-------- Input data --------
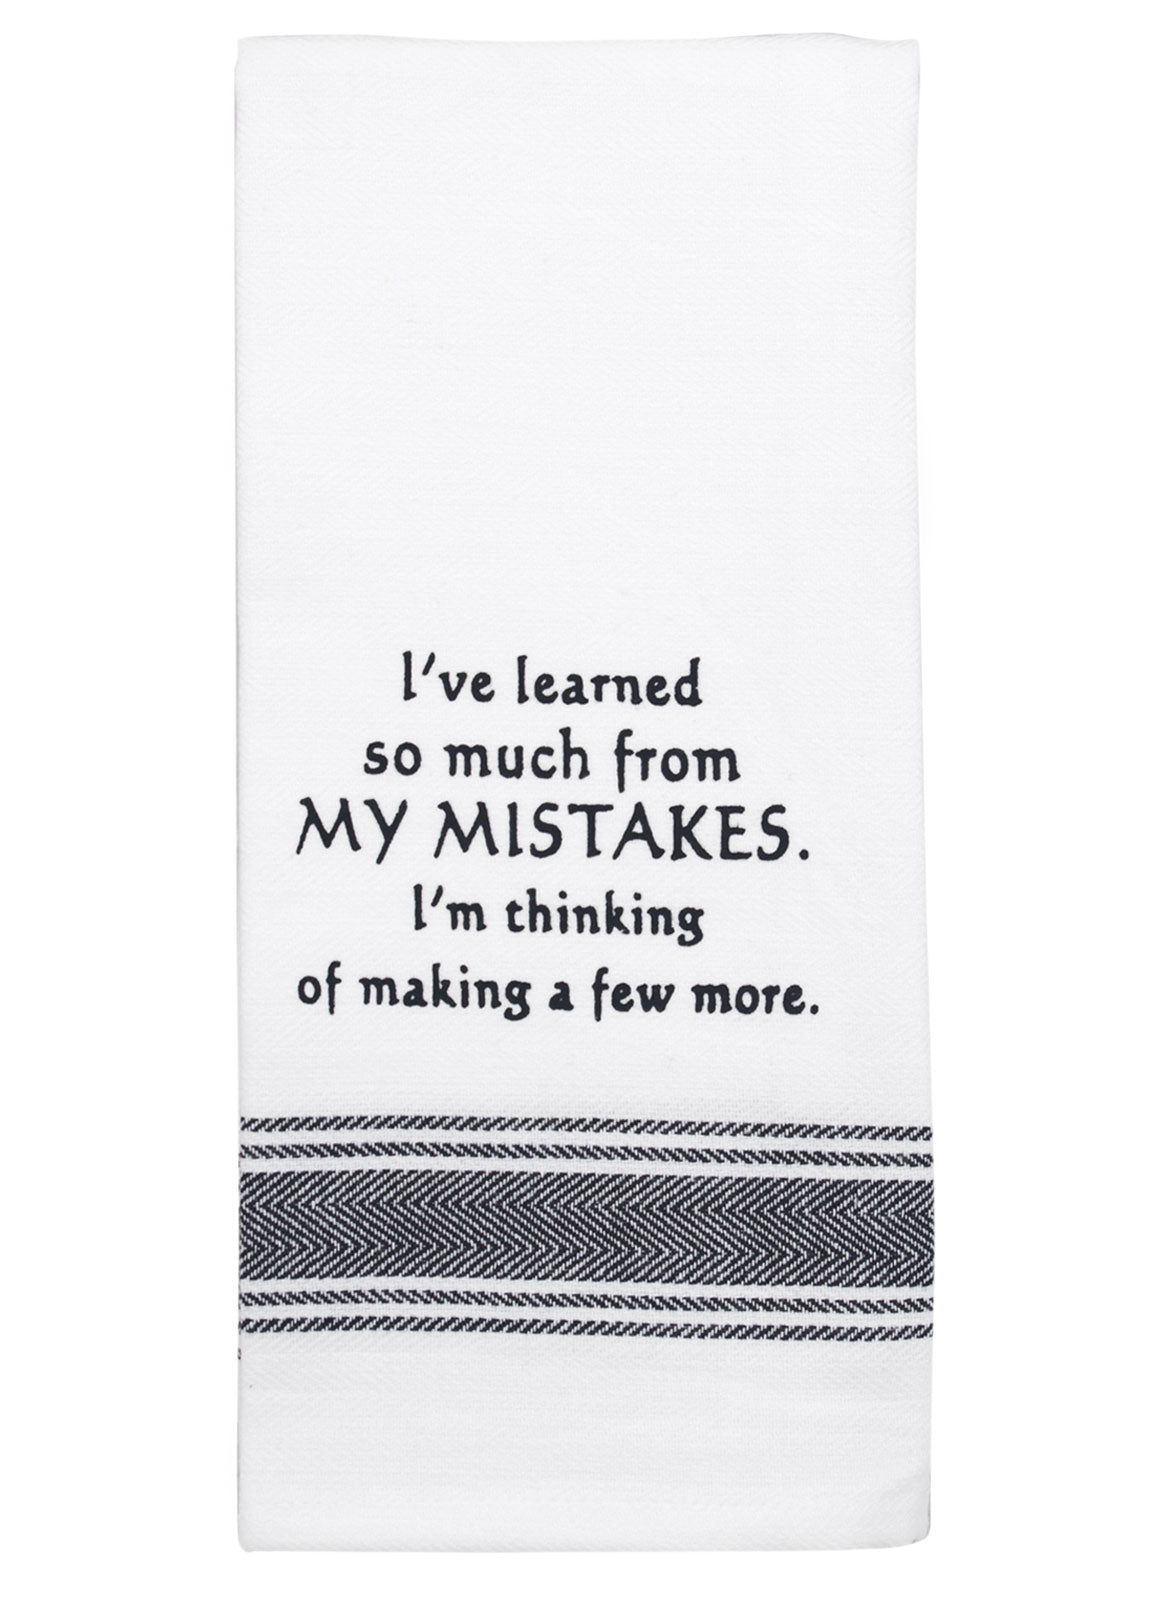 Tea Towel "My Mistakes" Saying
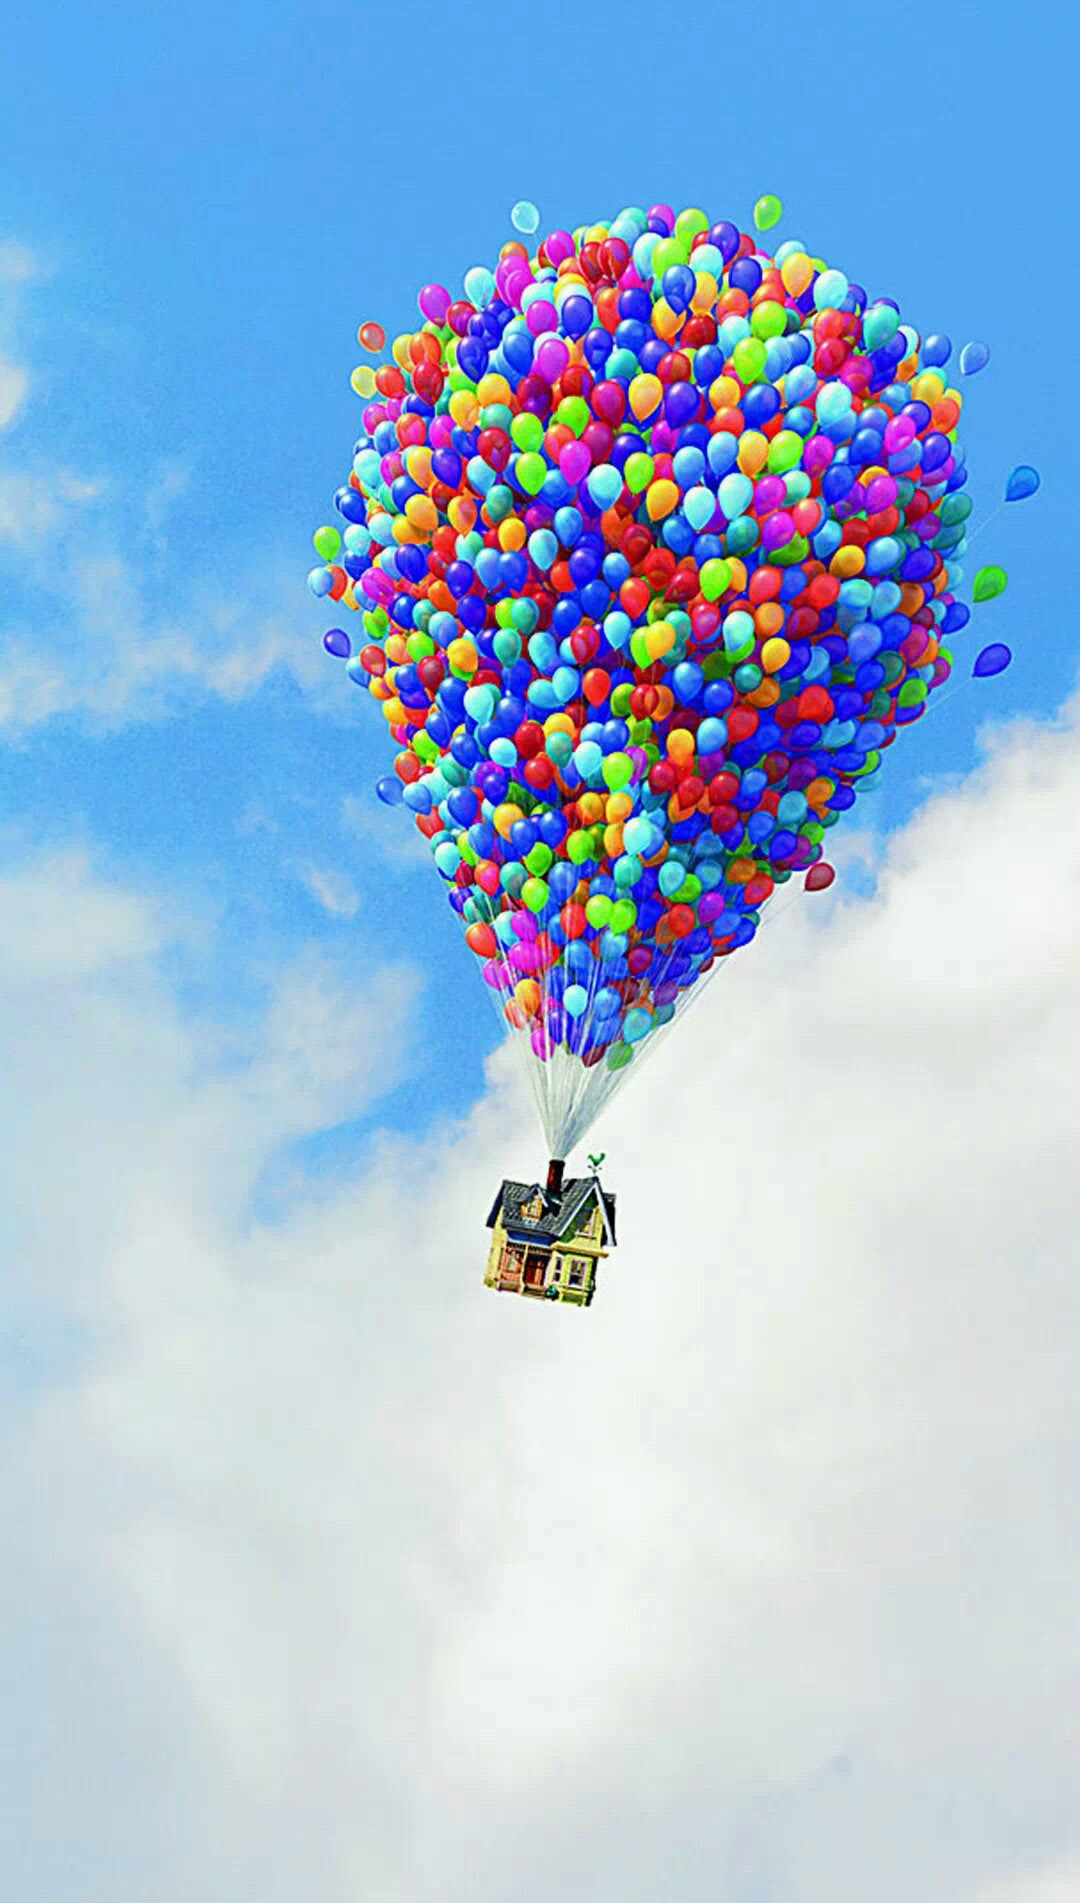 samsung mobile wallpaper,hot air ballooning,hot air balloon,balloon,sky,air sports
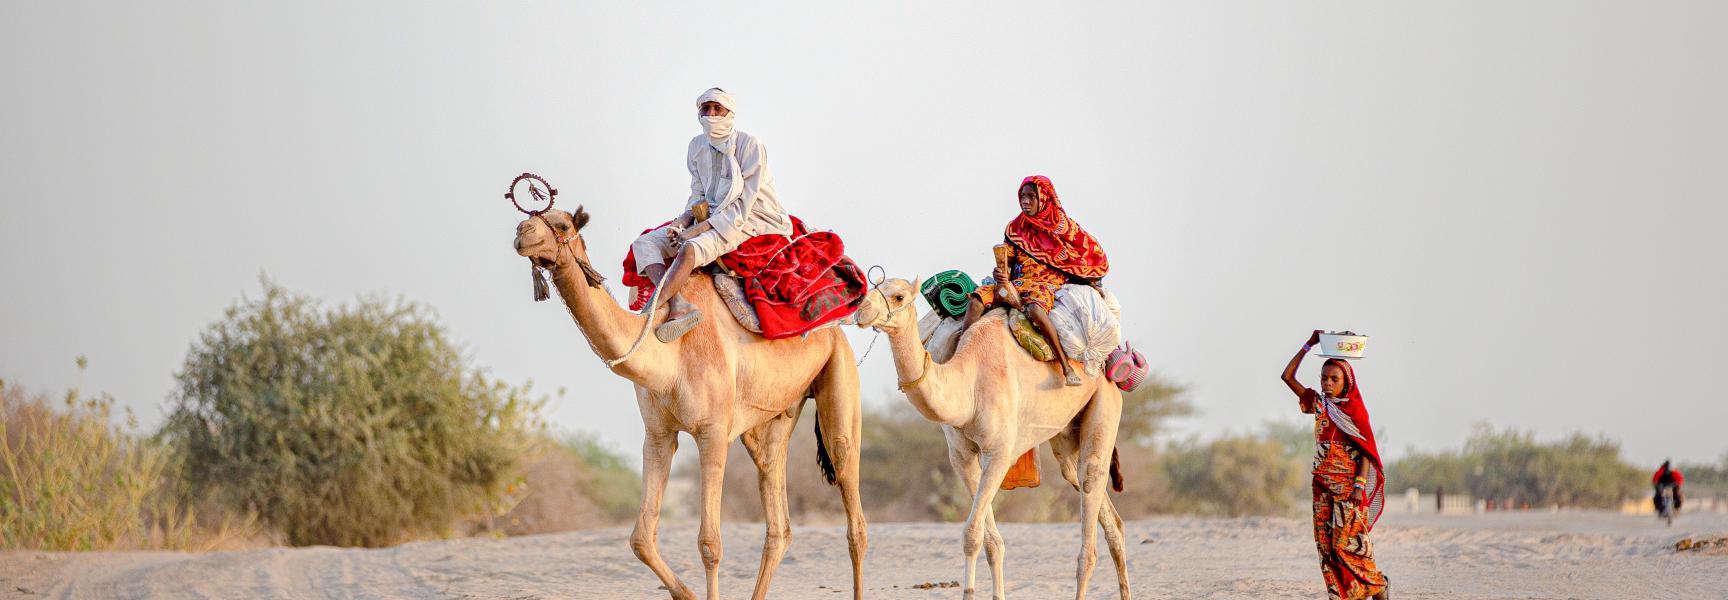 Une famille nomade au Tchad
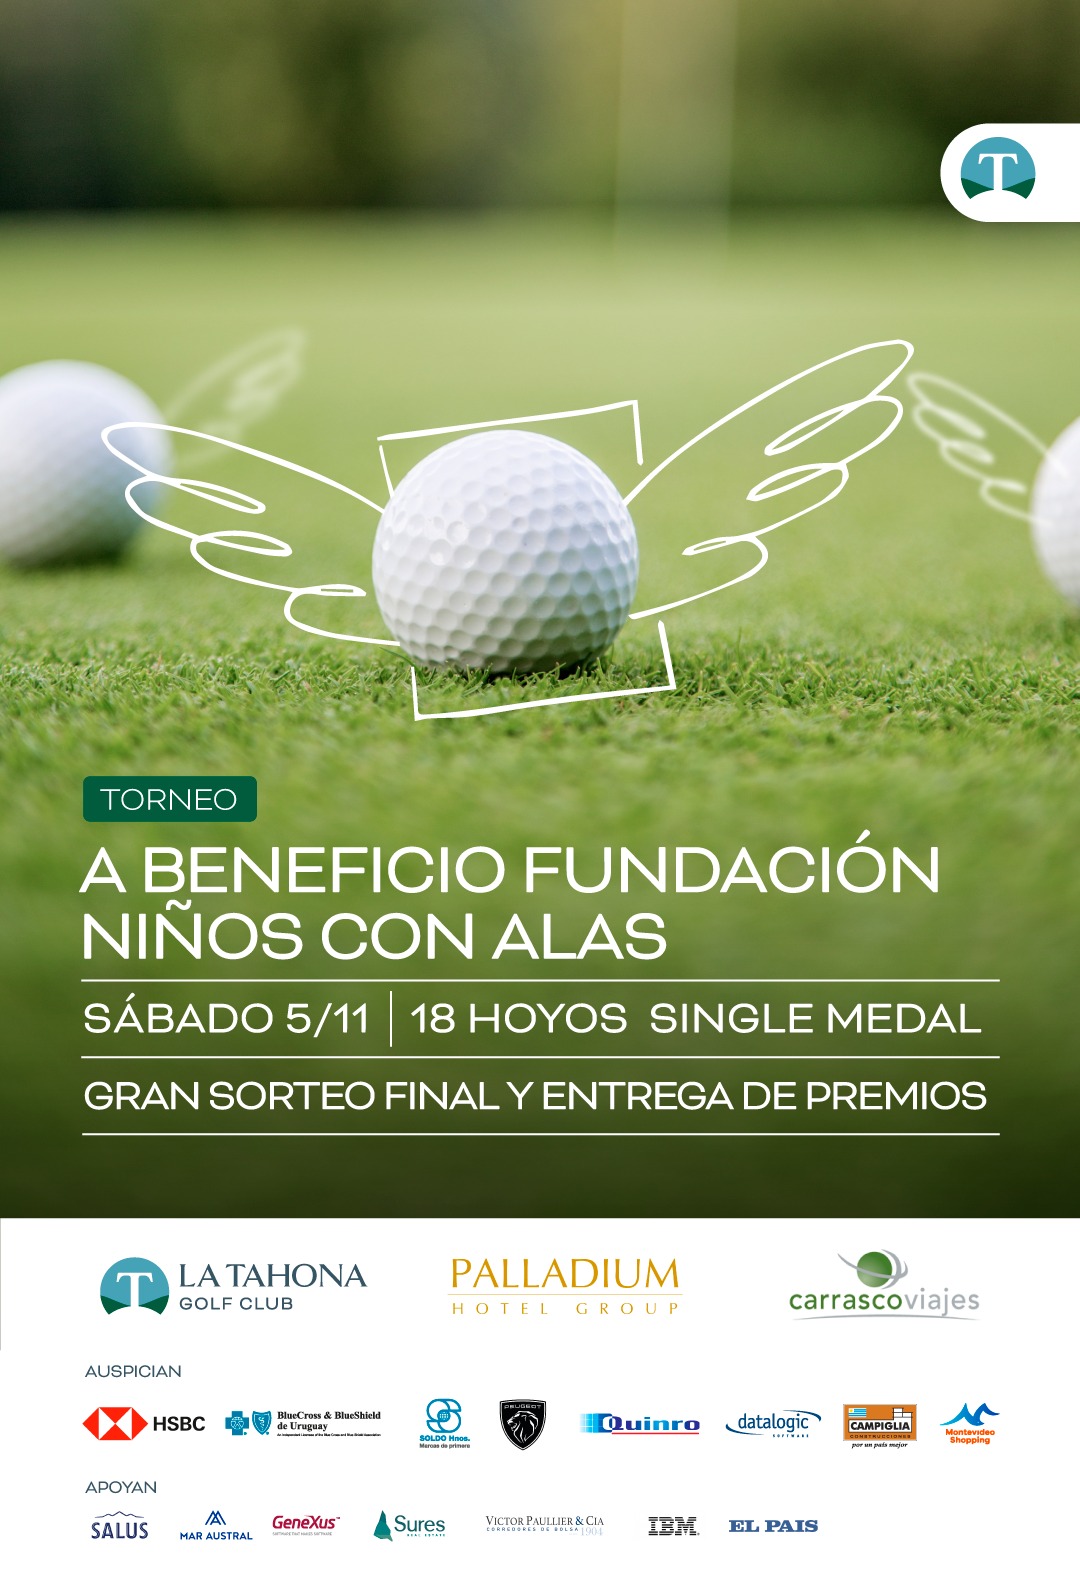 Torneo Fundacin Nios con Alas _ Sbado 5/11 _ 18 hoyos single medal play
--------
→ Problem details:
When you copy the listing above, reproduce every line exactly and skip the images.

→ Solution:
 Tea Towel "My Mistakes" Saying
 samsung mobile wallpaper,hot air ballooning,hot air balloon,balloon,sky,air sports
 Une famille nomade au Tchad
 Torneo Fundacin Nios con Alas _ Sbado 5/11 _ 18 hoyos single medal play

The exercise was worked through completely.